The proposed sale, if completed, will result in a loss of $4,635,000 ($.55
per share) which has been recorded in the first quarter of 1995. The sale of
Dixie Life constitutes discontinuance of the life insurance business by the
Corporation. The loss on the sale is reported in a manner substantially the same
as discontinued operations.
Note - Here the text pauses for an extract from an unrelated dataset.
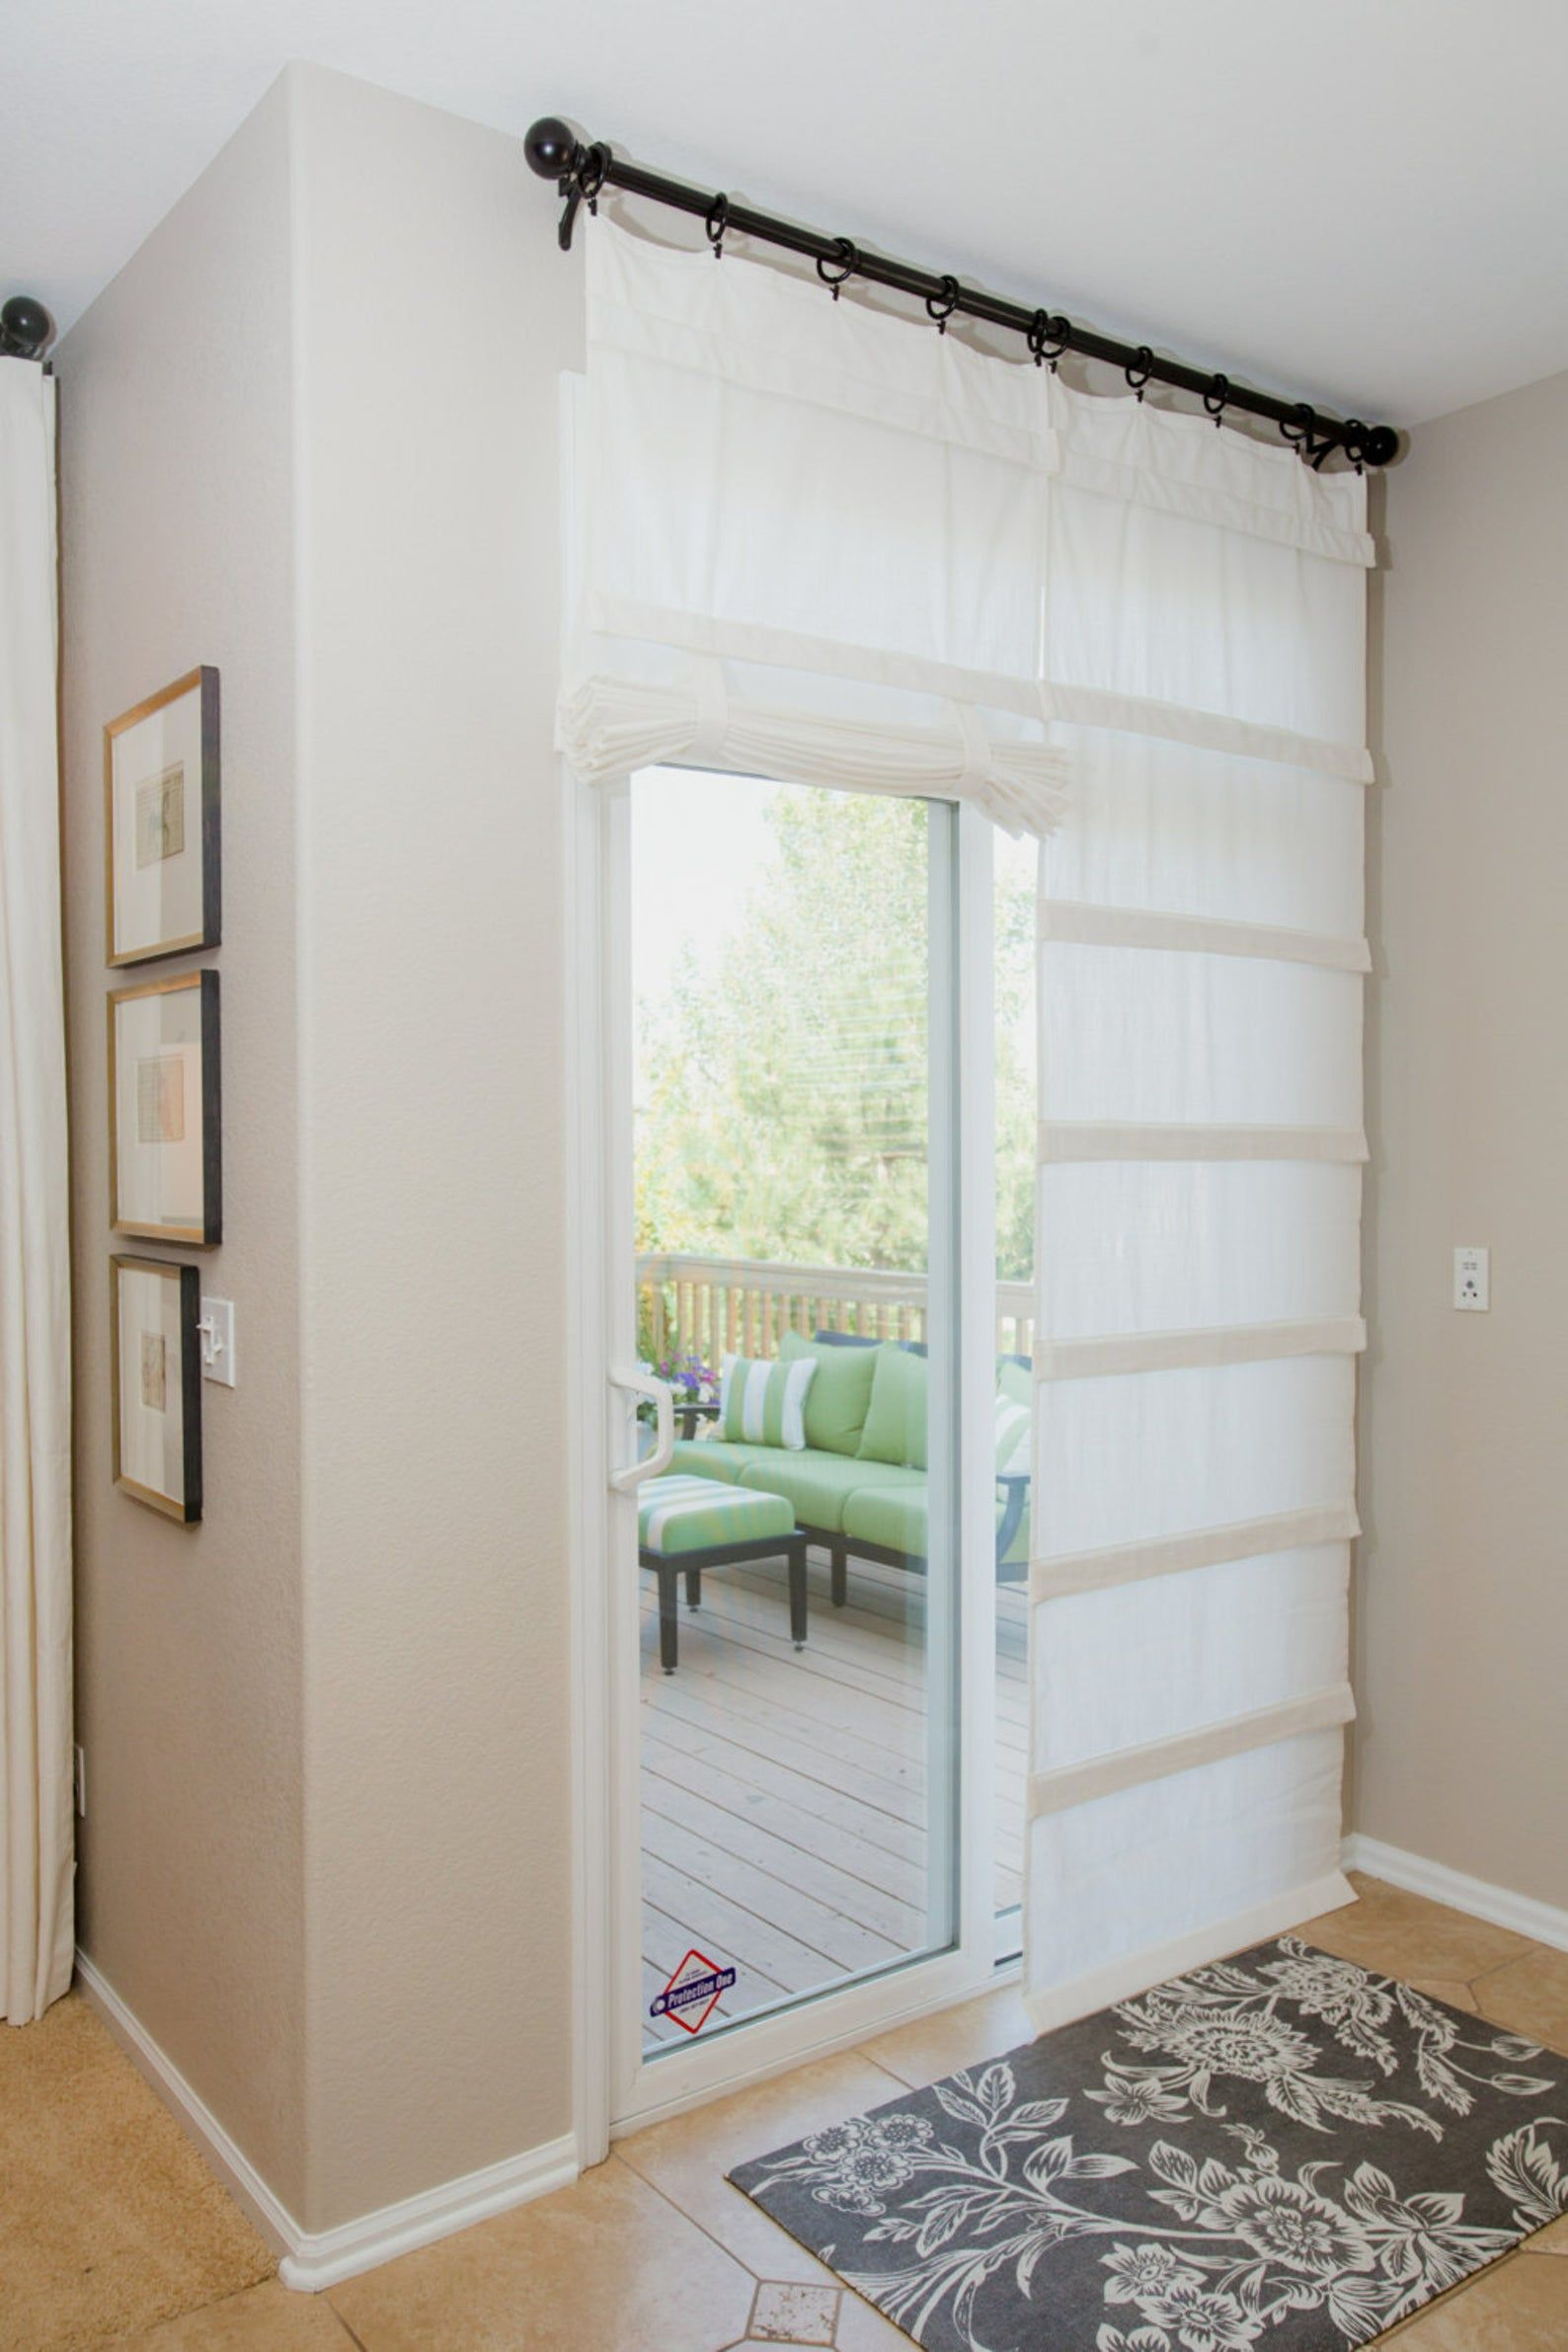 Off White Sliding Glass Door Curtain Shade Pricing Is For 1 Panel In 2020 Sliding Glass Door Curtains Glass Door Curtains Sliding Glass Door

The Corporation continues to report insurance
operations in the same manner as prior to the measurement date of March 6, 1995.
Accounting Principles Board Opinion No. 30 (APB 30) calls for reporting the
operations of discontinued operations as a single net amount in the statement of
operations but, in management's opinion, reducing virtually all of the
Corporation's operations to a single amount in the statement of operations would
not be meaningful to readers of the Corporation's financial statements. The
Corporation anticipates entry into the health care business or some other line
of business in 1995. When the Corporation enters another line of business, but
no later than 1996, insurance operations will be reported as discontinued
operations in accordance with APB 30.
The Stock Purchase Agreement confirms an extension, included in the Letter
of Intent, of the due date of the Term Loan to the latter of closing or 90 days
after either party informs the other that the transaction cannot be closed under
its terms. Certain covenants contained in the Term Loan agreement are waived by
the Stock Purchase Agreement, including all financial covenants and certain
covenants restricting the Corporation from entering into certain transactions.
The Stock Purchase Agreement also contains usual and customary conditions,
including, among others, the receipt of all required regulatory approvals and
approval of the transaction by the shareholders of the Corporation at a meeting
to be held on or before August 1, 1995. The Stock Purchase Agreement may be
terminated by either party after August 1, 1995, provided the terminating party
has not breached the Stock Purchase Agreement.
F-32
<PAGE>
Note 10--Sale of Common Stock
The Corporation entered into an agreement with Universal Management
Services, a Nevada corporation (UMS), as of October 27, 1994 (UMS Agreement).
The Corporation and UMS, on April 20, 1995, entered into an amended and restated
agreement effective as of March 24, 1995 (Second Amended and Restated UMS
Agreement) which provides that UMS has the right to use its best efforts to
assist the Corporation in placing up to 12,500,000 additional shares of the
Corporation's Common Stock in non-U.S. markets, pursuant to Regulation S, or
otherwise in private placements. In connection with the UMS Agreement, the
Corporation expects to issue 2,000,000 shares of its Common Stock in exchange
for 16% of the outstanding common shares of Phoenix Medical Management, Inc.
(PMM), an Arizona corporation. If the acquisition of the 16% interest is
completed, the Corporation plans to issue 100,000 of its Common Stock for an
option to acquire the remaining 84% of the common shares of PMM for 10,400,000
additional shares of the Corporation's Common Stock.